La réponse avant la question
Éditorial

La réponse avant la question

« Ne vous posez pas inutilement de questions, nous avons la réponse » ! Telle semble être la tendance dominante actuelle qui étend ses ramifications à tous les domaines de la vie personnelle, familiale, économique et sociale. « Nous savons ce qui est bon pour vous », disent à longueur de messages les médias, les politiques, les dirigeants, les rééducateurs, les coachs et autres officines qui veulent le bien des autres. Le temps des questions serait éducativement, médicalement et politiquement incorrect. Ce serait une perte de temps. Mieux vaudrait s’en remettre à ceux qui savent. Et ceux-là fleurissent ! Ils proposent d’aider à soulager de questionnements incertains aux vertus mal établies.

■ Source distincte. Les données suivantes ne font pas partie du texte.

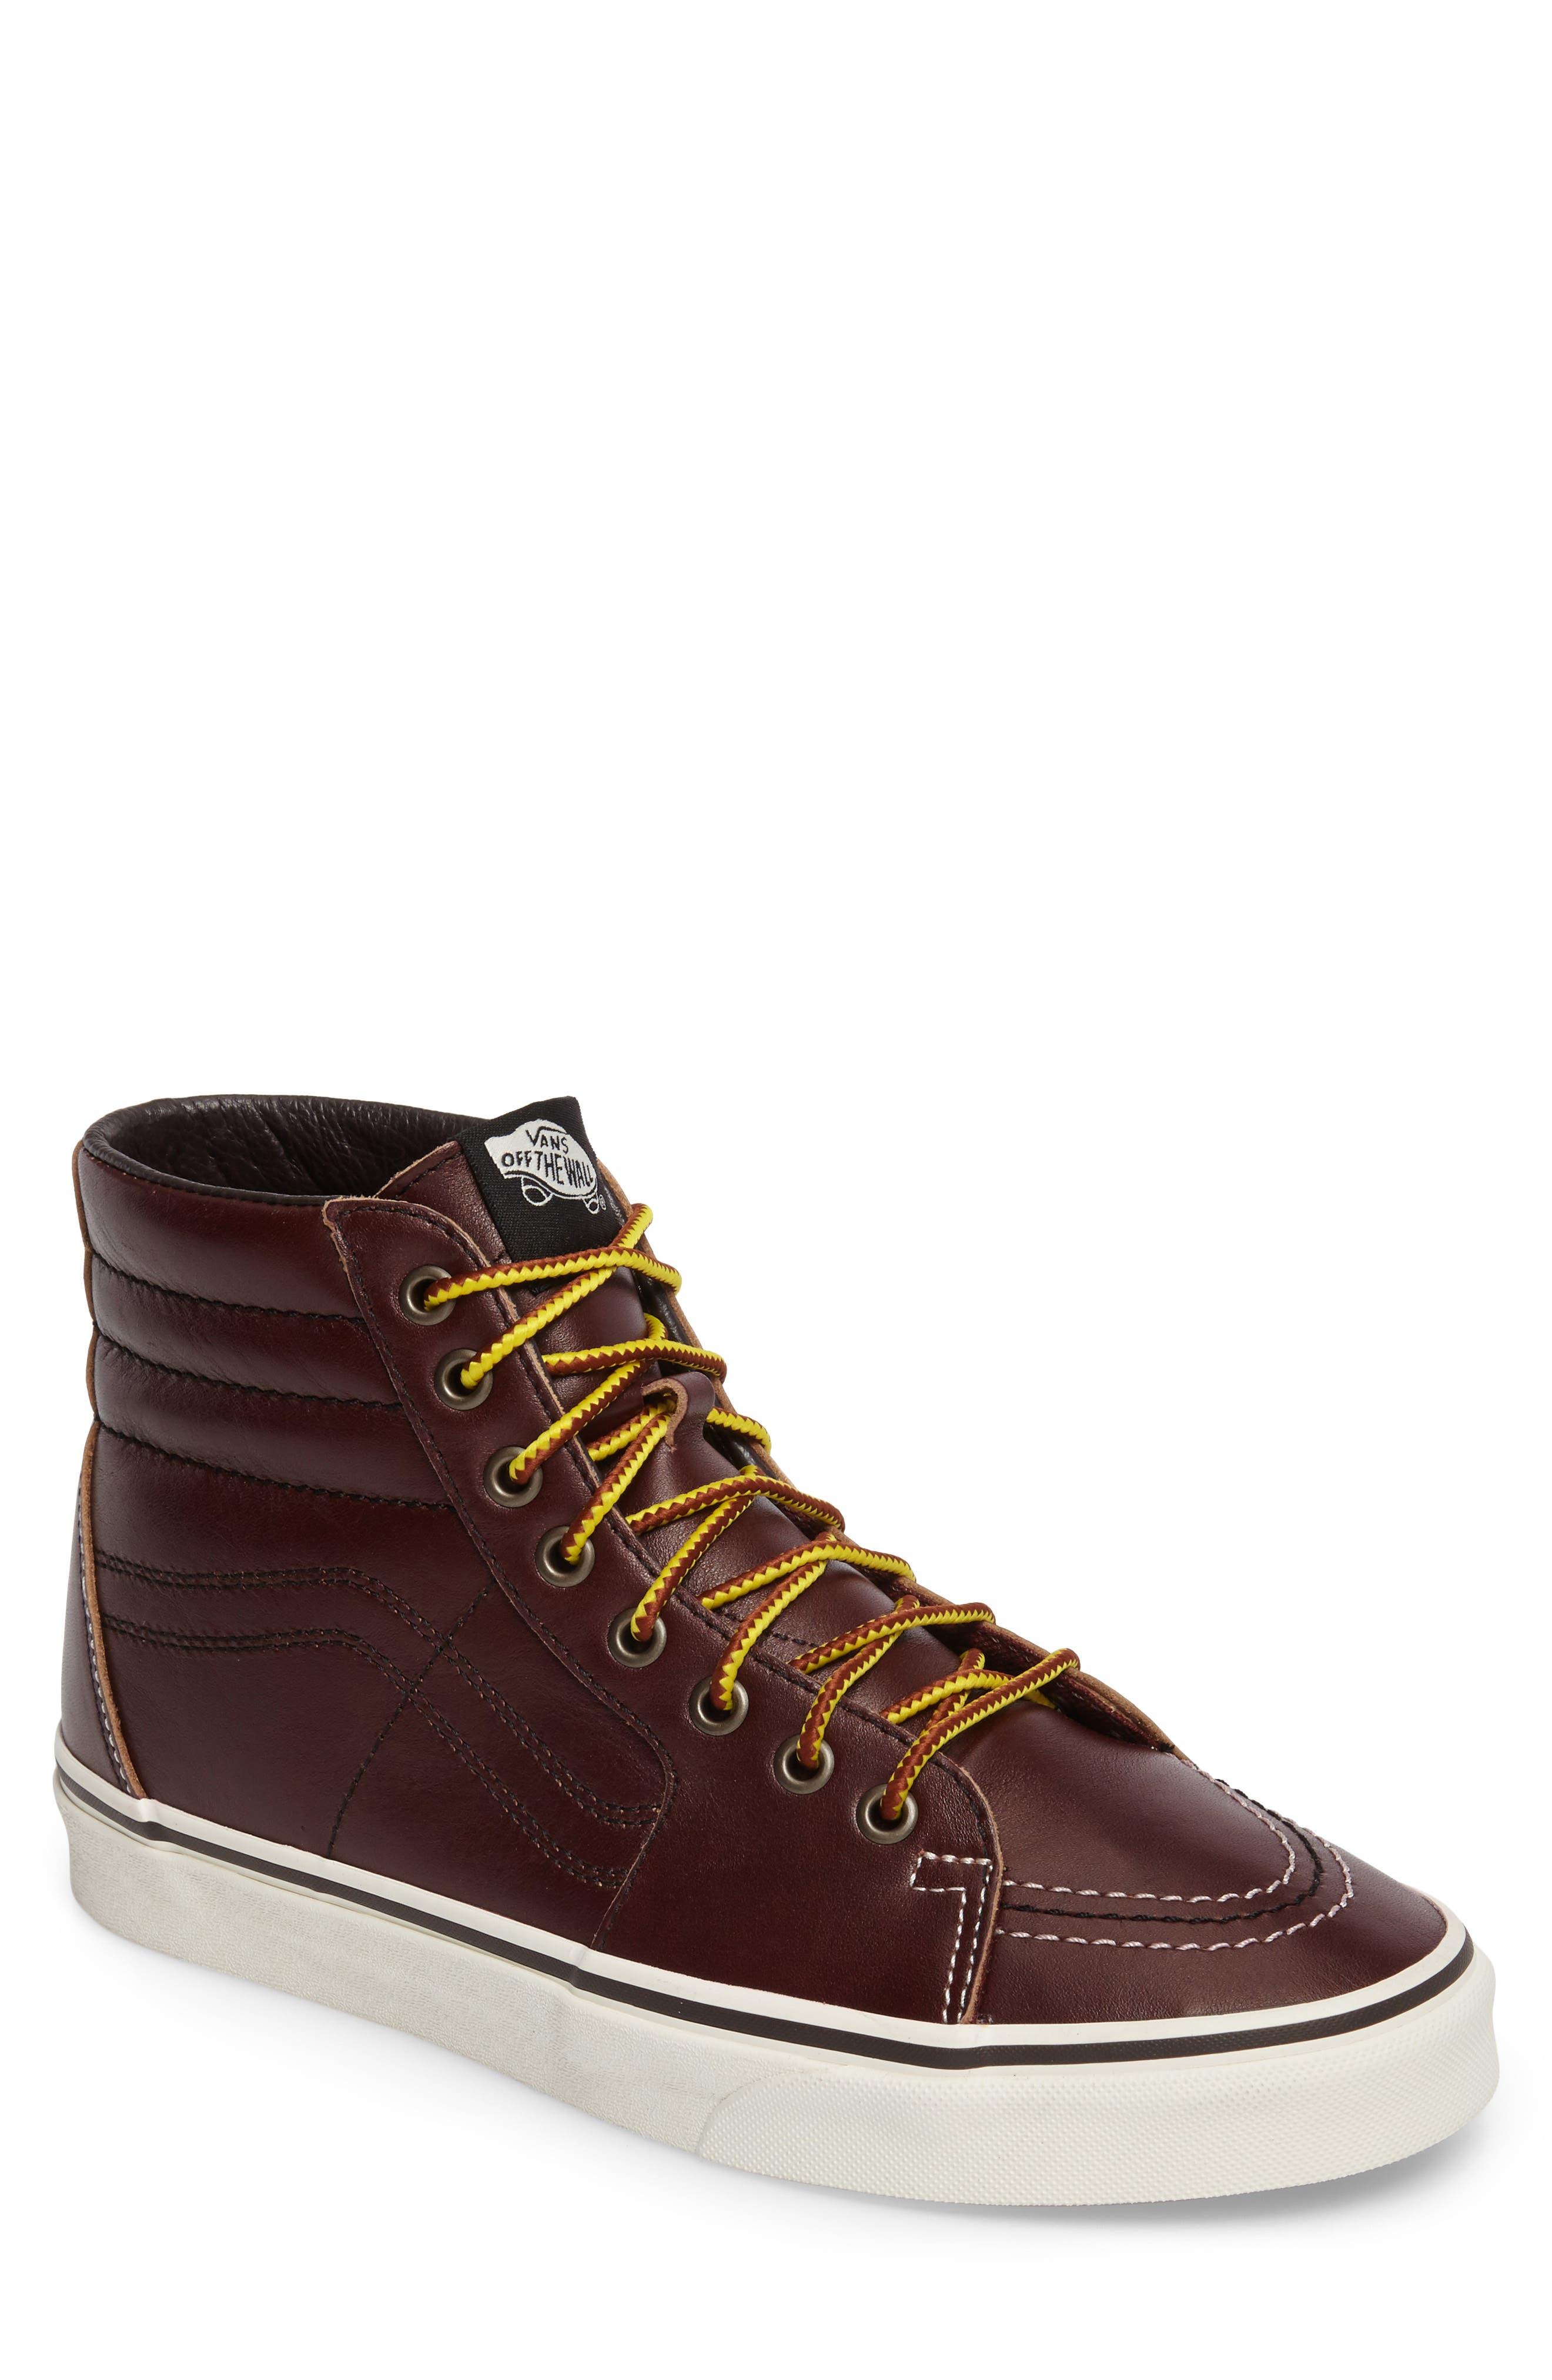 Sk8-Hi Sneaker,                             Main thumbnail 1, color,                             Rum Raisin/Marshmallow Leather

Dès la crèche, la tétine en bouche évite au bébé d’avoir à exprimer un besoin, comblé ainsi par avance. Sans frustrations et sans manque, il ne peut qu’être plus heureux à l’évidence. Quant à la période de latence, il importe de la réduire car il est bien connu que toute latence est frustrante et potentiellement douloureuse : la pré-adolescence -notion dangereuse et illusoire, pur produit d’un marketing efficace- est attendue dès la fin du cycle scolaire primaire, et sollicitée si elle n’apparaît pas assez vite. Des radios et des émissions « pour jeunes » à heure de grande écoute le soir visent à leur transmettre les connaissances de toutes les pratiques sexuelles à découvrir, occultant les avantages des questions et d’une curiosité sans réponse immédiate, le temps de la maturation psychologique et affective. Pour les plus grands, il n’est désormais plus acceptable d’attendre. La médecine doit soulager et guérir -le droit aux soins a laissé place au droit à la santé-, et vite de préférence : tous aux urgences ! Dans les entreprises, comme dans les hôpitaux, halte aux débats : place à des « vrais » dirigeants qui savent ce qui est bon pour la collectivité.

Les questions existentielles trouvent toutes apparemment une réponse sur le grand marché des stimulations. Vous voulez exister ? Nous avons les moyens de vous exciter. C’est dire combien les professionnels des soins doivent aujourd’hui ramer à contre-courant et peuvent souvent apparaître comme menaçants, surtout s’ils travaillent avec le souci éthique du respect de l’autre et la modestie d’un savoir qui se constitue avec l’autre.